> _WORK INSTRUCTIONS_: For this task, output exactly the lines of the material below starting at the line with "Lebanon 1987 President" and ending at the line with "Men's Floral Print Boat Shoes"; pictures are to be excluded.

> _GIVEN ENTRIES_:

Start of Block

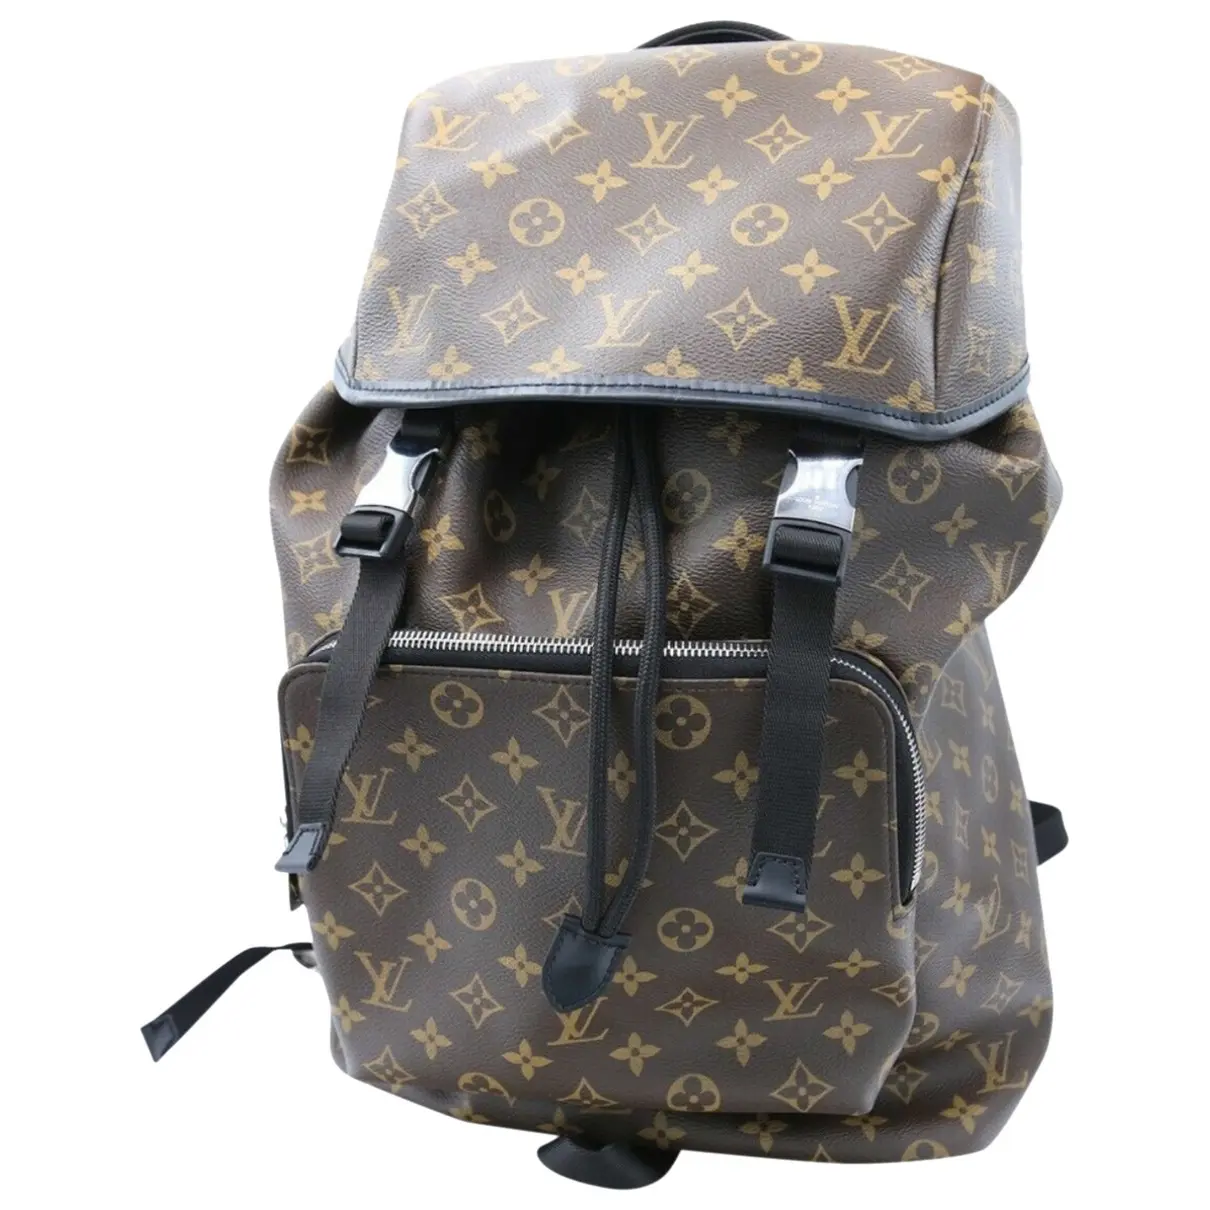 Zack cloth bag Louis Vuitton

End of Block
Start of Block

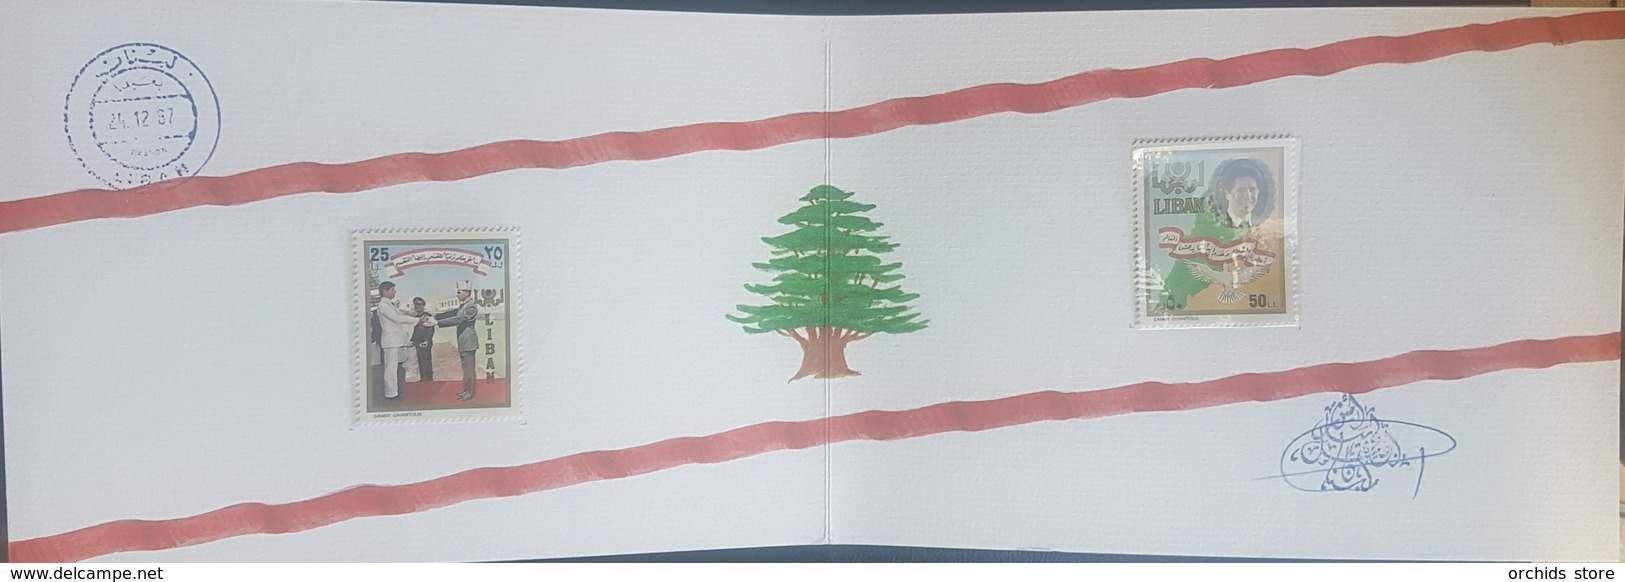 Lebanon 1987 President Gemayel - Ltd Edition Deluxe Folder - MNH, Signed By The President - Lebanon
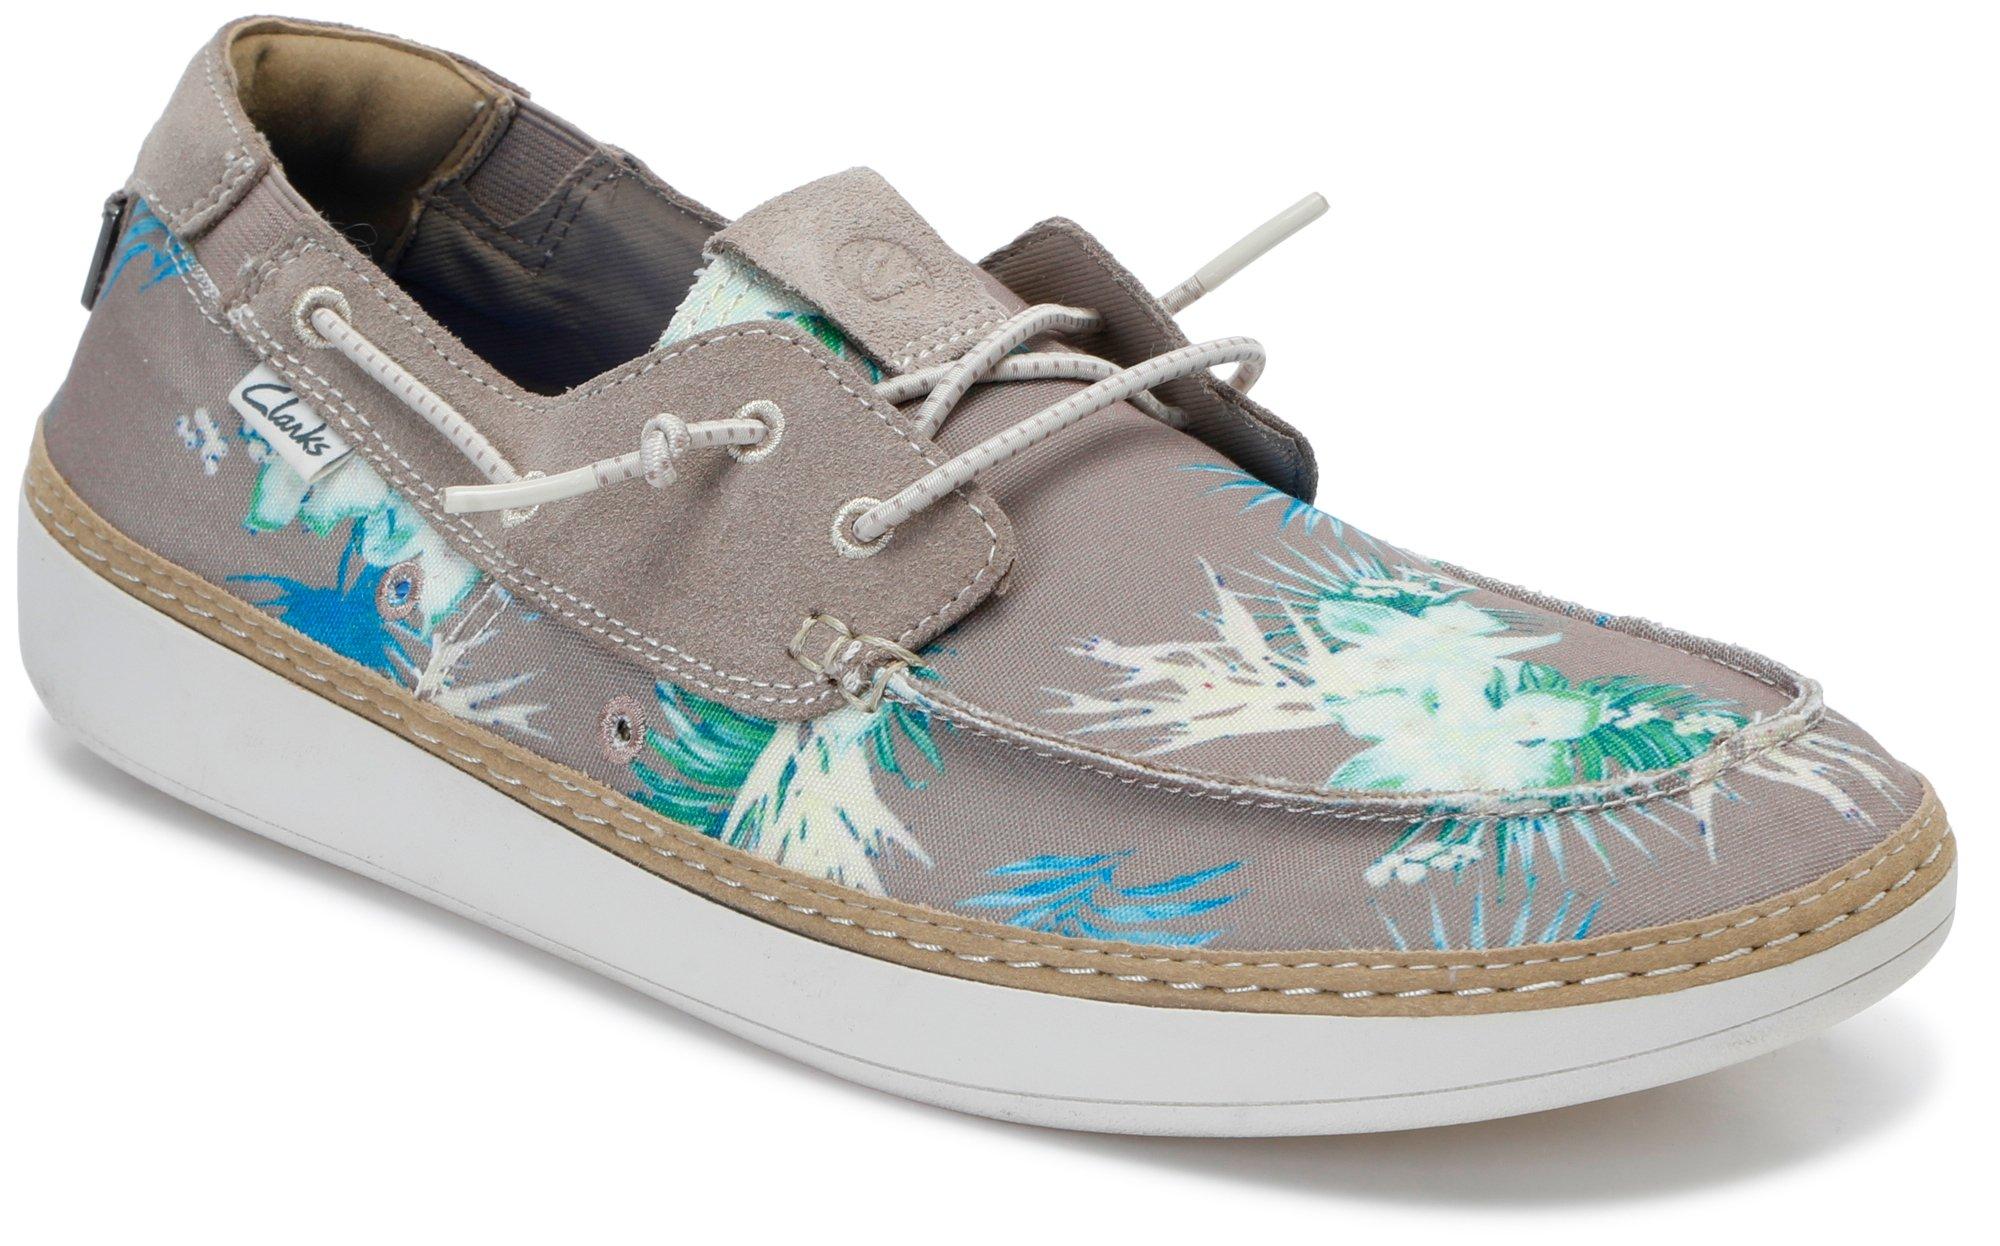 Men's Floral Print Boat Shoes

End of Block

> _ANSWER BELOW_:
 Lebanon 1987 President Gemayel - Ltd Edition Deluxe Folder - MNH, Signed By The President - Lebanon
 Men's Floral Print Boat Shoes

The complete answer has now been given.